Source data:
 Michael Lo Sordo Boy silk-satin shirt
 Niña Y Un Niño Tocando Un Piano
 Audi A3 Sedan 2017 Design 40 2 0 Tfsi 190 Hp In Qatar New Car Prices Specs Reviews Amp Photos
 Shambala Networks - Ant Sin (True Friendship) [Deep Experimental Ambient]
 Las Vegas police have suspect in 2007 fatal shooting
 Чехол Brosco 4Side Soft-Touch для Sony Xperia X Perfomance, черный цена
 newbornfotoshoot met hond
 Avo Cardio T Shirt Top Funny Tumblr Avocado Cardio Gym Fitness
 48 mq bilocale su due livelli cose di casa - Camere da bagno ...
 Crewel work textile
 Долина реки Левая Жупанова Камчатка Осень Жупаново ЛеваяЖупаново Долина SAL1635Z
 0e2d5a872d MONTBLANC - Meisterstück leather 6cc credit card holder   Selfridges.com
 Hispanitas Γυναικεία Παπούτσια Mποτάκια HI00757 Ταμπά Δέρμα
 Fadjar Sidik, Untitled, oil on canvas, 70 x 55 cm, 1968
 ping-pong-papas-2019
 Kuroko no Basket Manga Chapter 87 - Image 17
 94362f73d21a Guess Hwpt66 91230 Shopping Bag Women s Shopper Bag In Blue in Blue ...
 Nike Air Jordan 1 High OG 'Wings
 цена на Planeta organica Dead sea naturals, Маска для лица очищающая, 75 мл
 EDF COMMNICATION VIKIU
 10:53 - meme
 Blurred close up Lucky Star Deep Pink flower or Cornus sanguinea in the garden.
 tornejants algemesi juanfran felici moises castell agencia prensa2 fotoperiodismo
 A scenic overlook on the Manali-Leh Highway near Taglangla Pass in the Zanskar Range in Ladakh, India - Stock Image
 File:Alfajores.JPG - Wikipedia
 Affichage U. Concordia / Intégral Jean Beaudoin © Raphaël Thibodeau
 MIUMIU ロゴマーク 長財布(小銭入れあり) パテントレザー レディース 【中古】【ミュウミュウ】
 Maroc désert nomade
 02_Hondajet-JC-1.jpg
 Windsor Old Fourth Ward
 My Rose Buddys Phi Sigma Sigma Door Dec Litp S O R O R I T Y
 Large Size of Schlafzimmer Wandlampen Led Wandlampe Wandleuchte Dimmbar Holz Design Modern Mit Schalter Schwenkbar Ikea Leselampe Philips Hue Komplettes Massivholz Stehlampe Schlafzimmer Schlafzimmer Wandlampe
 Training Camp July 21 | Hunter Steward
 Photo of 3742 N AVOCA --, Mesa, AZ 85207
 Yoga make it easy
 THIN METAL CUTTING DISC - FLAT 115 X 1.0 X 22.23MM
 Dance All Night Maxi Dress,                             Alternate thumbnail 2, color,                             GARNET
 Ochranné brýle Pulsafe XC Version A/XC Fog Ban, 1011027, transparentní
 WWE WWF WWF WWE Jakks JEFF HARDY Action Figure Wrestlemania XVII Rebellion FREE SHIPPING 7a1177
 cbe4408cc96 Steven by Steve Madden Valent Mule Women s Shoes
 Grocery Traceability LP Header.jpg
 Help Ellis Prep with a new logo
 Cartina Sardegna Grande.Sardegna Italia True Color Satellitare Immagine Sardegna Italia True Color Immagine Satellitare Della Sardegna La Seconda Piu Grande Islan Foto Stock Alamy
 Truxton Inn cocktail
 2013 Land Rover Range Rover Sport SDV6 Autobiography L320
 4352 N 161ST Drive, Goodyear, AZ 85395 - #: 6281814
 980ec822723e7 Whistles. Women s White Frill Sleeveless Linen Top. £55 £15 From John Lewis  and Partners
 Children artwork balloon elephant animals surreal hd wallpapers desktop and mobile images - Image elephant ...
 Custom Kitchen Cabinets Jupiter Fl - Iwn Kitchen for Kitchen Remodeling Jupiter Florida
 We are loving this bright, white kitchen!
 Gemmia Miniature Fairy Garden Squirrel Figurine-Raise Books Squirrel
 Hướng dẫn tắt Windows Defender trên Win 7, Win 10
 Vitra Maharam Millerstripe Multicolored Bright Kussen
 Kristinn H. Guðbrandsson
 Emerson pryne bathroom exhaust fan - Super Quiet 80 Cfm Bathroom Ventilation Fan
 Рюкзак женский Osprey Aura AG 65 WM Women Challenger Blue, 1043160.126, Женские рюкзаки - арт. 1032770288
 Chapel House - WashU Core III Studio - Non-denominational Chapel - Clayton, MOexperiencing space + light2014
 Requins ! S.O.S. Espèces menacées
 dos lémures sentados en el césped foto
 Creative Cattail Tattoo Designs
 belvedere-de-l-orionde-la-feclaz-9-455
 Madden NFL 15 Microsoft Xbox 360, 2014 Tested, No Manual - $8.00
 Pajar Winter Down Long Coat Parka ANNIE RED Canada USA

Instructions to follow: In the listing above, find the line with "48 mq bilocale" and the line with "Training Camp July 21 | Hunter Steward", then reproduce both and every line between them exactly.

Response box:
 48 mq bilocale su due livelli cose di casa - Camere da bagno ...
 Crewel work textile
 Долина реки Левая Жупанова Камчатка Осень Жупаново ЛеваяЖупаново Долина SAL1635Z
 0e2d5a872d MONTBLANC - Meisterstück leather 6cc credit card holder   Selfridges.com
 Hispanitas Γυναικεία Παπούτσια Mποτάκια HI00757 Ταμπά Δέρμα
 Fadjar Sidik, Untitled, oil on canvas, 70 x 55 cm, 1968
 ping-pong-papas-2019
 Kuroko no Basket Manga Chapter 87 - Image 17
 94362f73d21a Guess Hwpt66 91230 Shopping Bag Women s Shopper Bag In Blue in Blue ...
 Nike Air Jordan 1 High OG 'Wings
 цена на Planeta organica Dead sea naturals, Маска для лица очищающая, 75 мл
 EDF COMMNICATION VIKIU
 10:53 - meme
 Blurred close up Lucky Star Deep Pink flower or Cornus sanguinea in the garden.
 tornejants algemesi juanfran felici moises castell agencia prensa2 fotoperiodismo
 A scenic overlook on the Manali-Leh Highway near Taglangla Pass in the Zanskar Range in Ladakh, India - Stock Image
 File:Alfajores.JPG - Wikipedia
 Affichage U. Concordia / Intégral Jean Beaudoin © Raphaël Thibodeau
 MIUMIU ロゴマーク 長財布(小銭入れあり) パテントレザー レディース 【中古】【ミュウミュウ】
 Maroc désert nomade
 02_Hondajet-JC-1.jpg
 Windsor Old Fourth Ward
 My Rose Buddys Phi Sigma Sigma Door Dec Litp S O R O R I T Y
 Large Size of Schlafzimmer Wandlampen Led Wandlampe Wandleuchte Dimmbar Holz Design Modern Mit Schalter Schwenkbar Ikea Leselampe Philips Hue Komplettes Massivholz Stehlampe Schlafzimmer Schlafzimmer Wandlampe
 Training Camp July 21 | Hunter Steward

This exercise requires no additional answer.